All of which is a long lead in to a pretty short question:

Shouldn't any reliance on p-values or other normal distribution-focused tools in medical papers be either established as empirically appropriate, a rationally justified assumption or heavily circumscribed with caveats?

In your paper on the statistical properties of RCTs, the histogram looks like there's a left skew n the z-statistics, but then that observed data is used to help create a normal distribution that shaves off the left lean. With that normalized curve used in the latest paper.

I'm curious as to what work that does.

Is it limited to making it possible to use normal distribution equations or does it do more?

Also, is the actual histogram sufficiently far-removed from normal distribution to render something like the Central Limit Theorem inapplicable?

I apologize, but all of this ties into a set of questions I have re: p-values generally from the discussion, which seems like it differs in important ways from how they are referenced, used, etc. in the papers.

Along those lines, table 2 looks like a descriptive use of statistics, but it looks like the paper used the Monte Carlo-generated 10*6 (!!) set to transform into a predictive model for figures 1 & 2 as well as table 2.

I hate to betray my ignorance but given the pretty sizable base set of over 23,000 studies in Cochrane, what is gained by use of the larger set? Or conversely what would be lost if limited to the actual data?

(Most of my statistics exposure was via poli. sci. where - esp. in polling -- there aren't very many data points (e.g. polls run), so running multiple scenarios makes a lot of sense to try and trigger or estimate the impact of the law of very large numbers.)

Also, I'd love to know if I'm totalling misunderstanding any of this.

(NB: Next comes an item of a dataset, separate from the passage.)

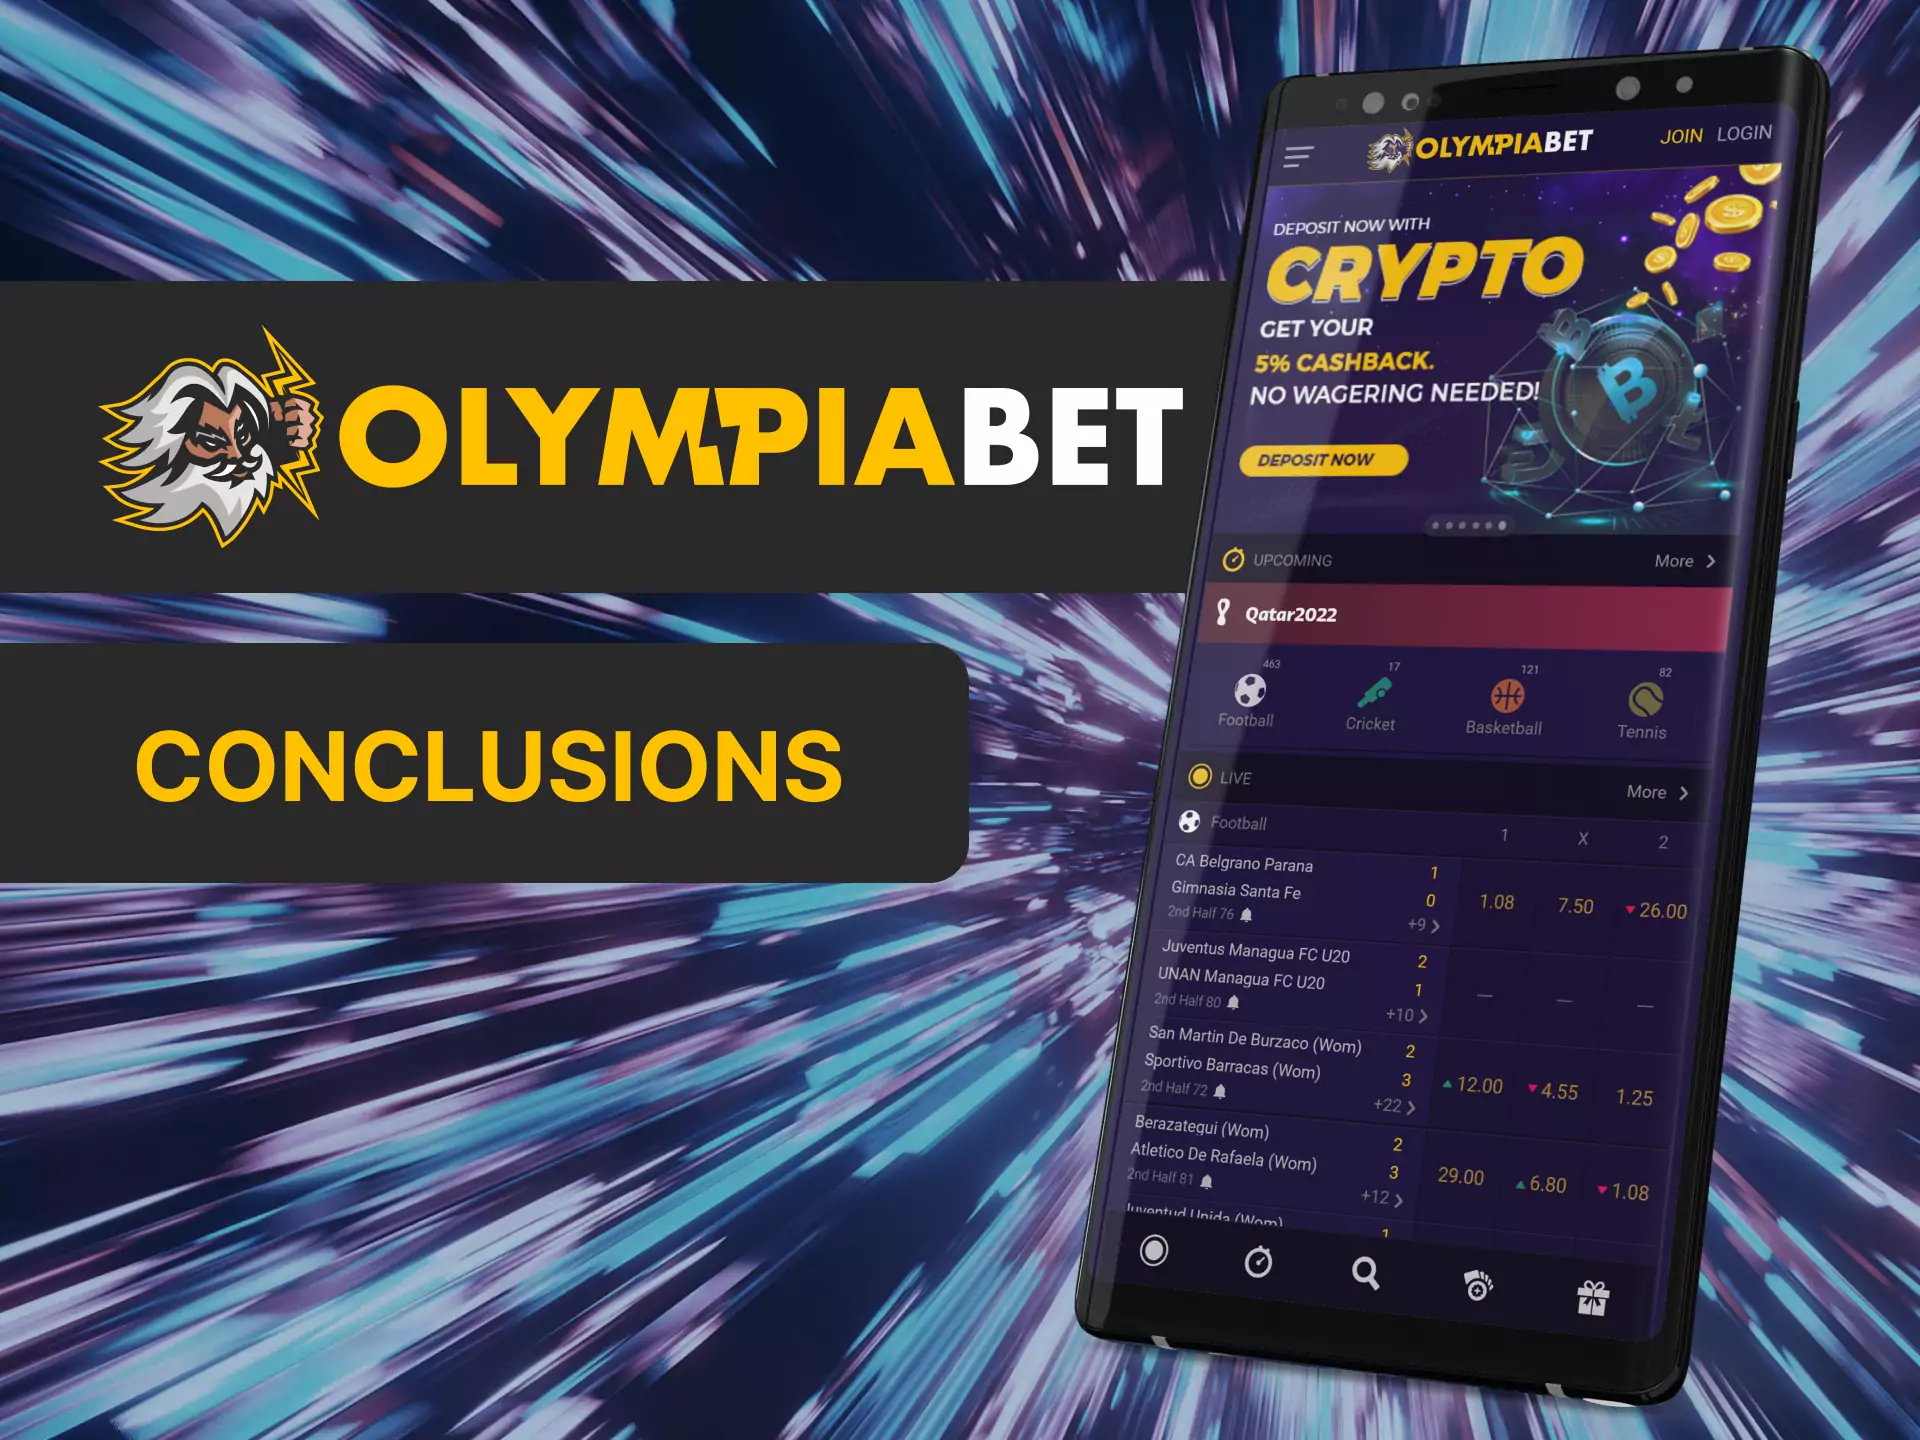 The OlympiaBet app offers players various convenient types of bets on different sports, exciting casino games.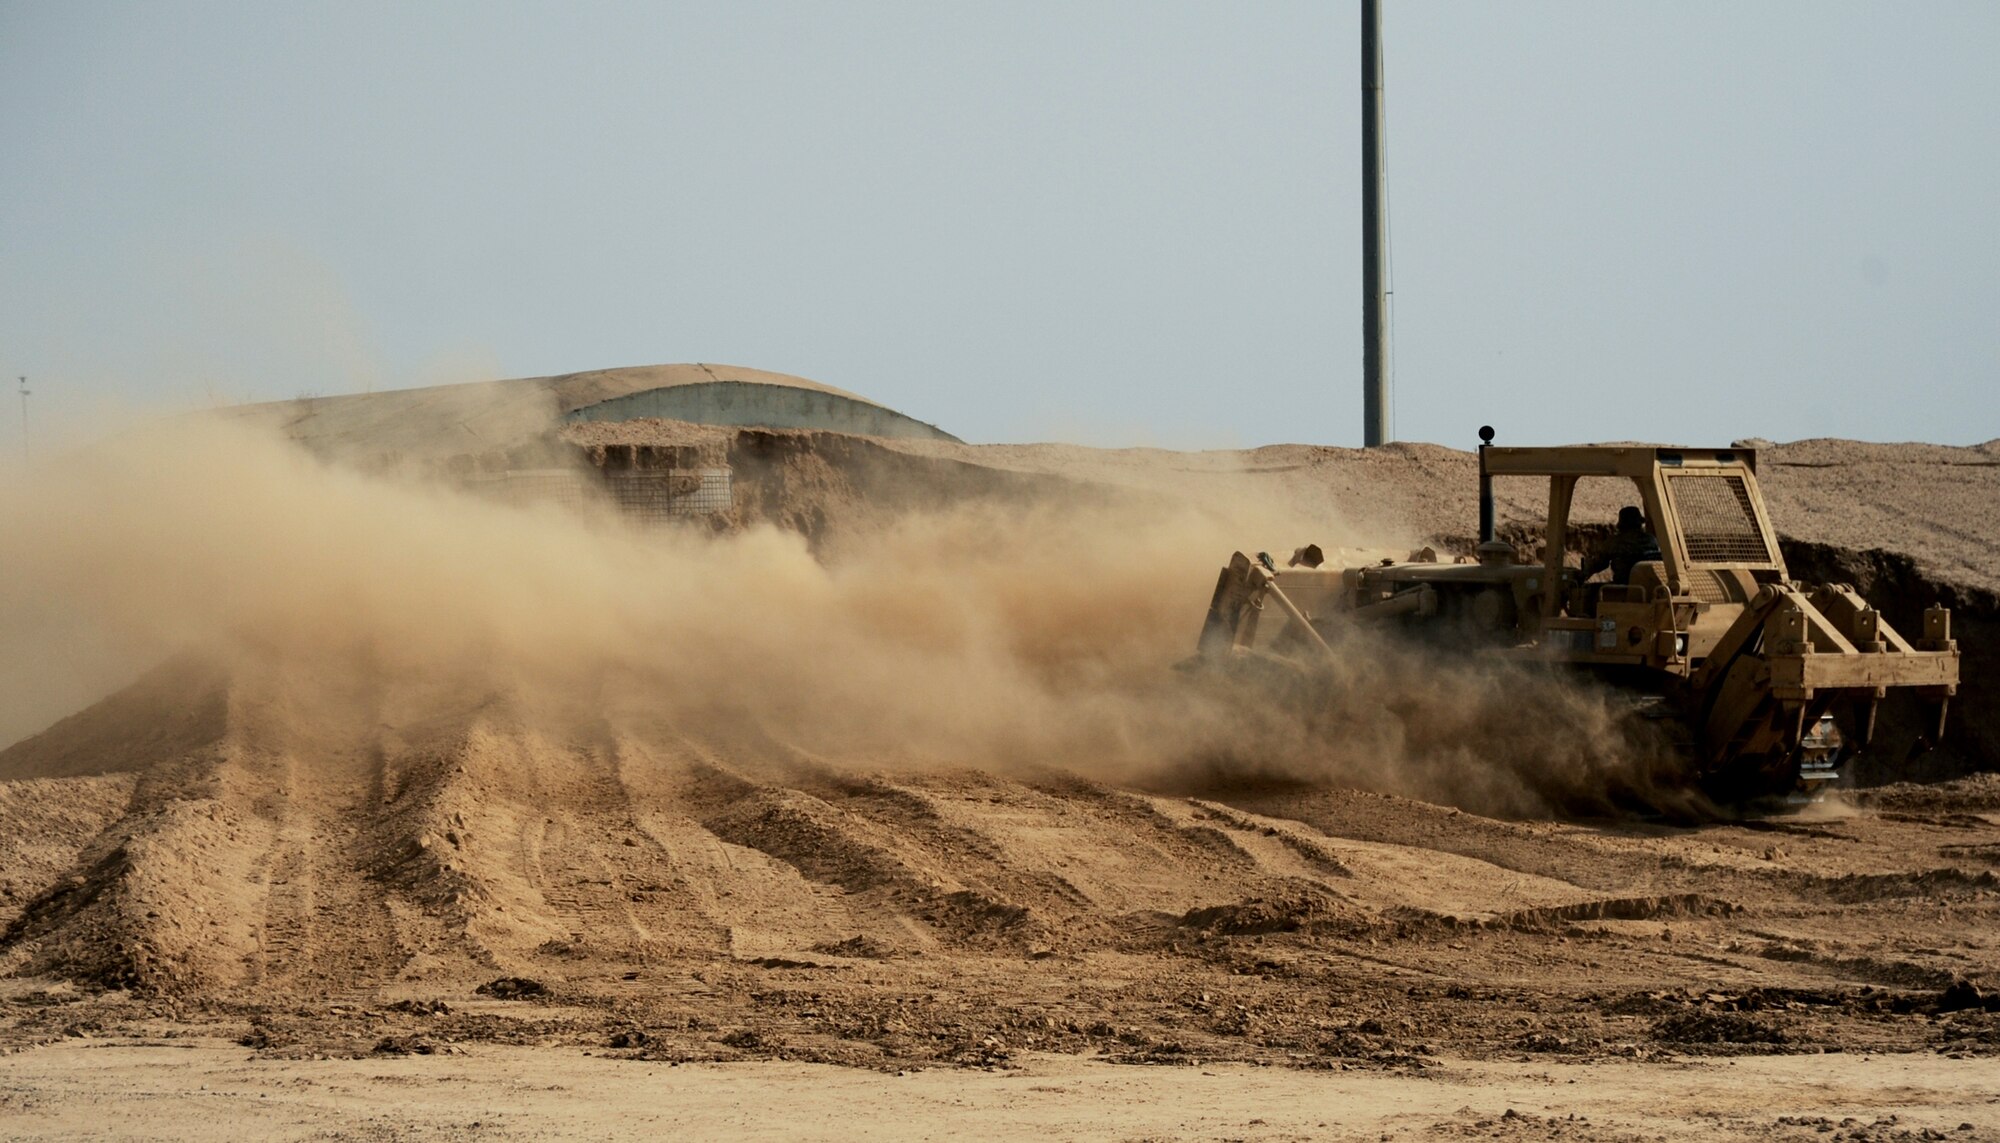 JOINT BASE BALAD, Iraq -- An Airman of the 732nd Expeditionary Civil Engineer Squadron stockpiles dirt with a bulldozer during construction of a new container repair yard Nov. 2, 2009. By using containers repaired here instead of purchasing new ones, the projected savings total more than $100 million as military assets withdraw from Iraq. (U.S. Air Force photo/Senior Airman Christopher Hubenthal)

I've got to break up my questions into a few different parts.

First, without getting into the weeds re: if and when use of p values and z statistics is appropriate -- or even if they were used appropriately by researchers -- would it be safe (or safer) to say either that your latest paper or the previous one with the z-statistic histogram for Cochrane assume that the z statistics are properly used or that simply as a descriptive matter, they ARE used?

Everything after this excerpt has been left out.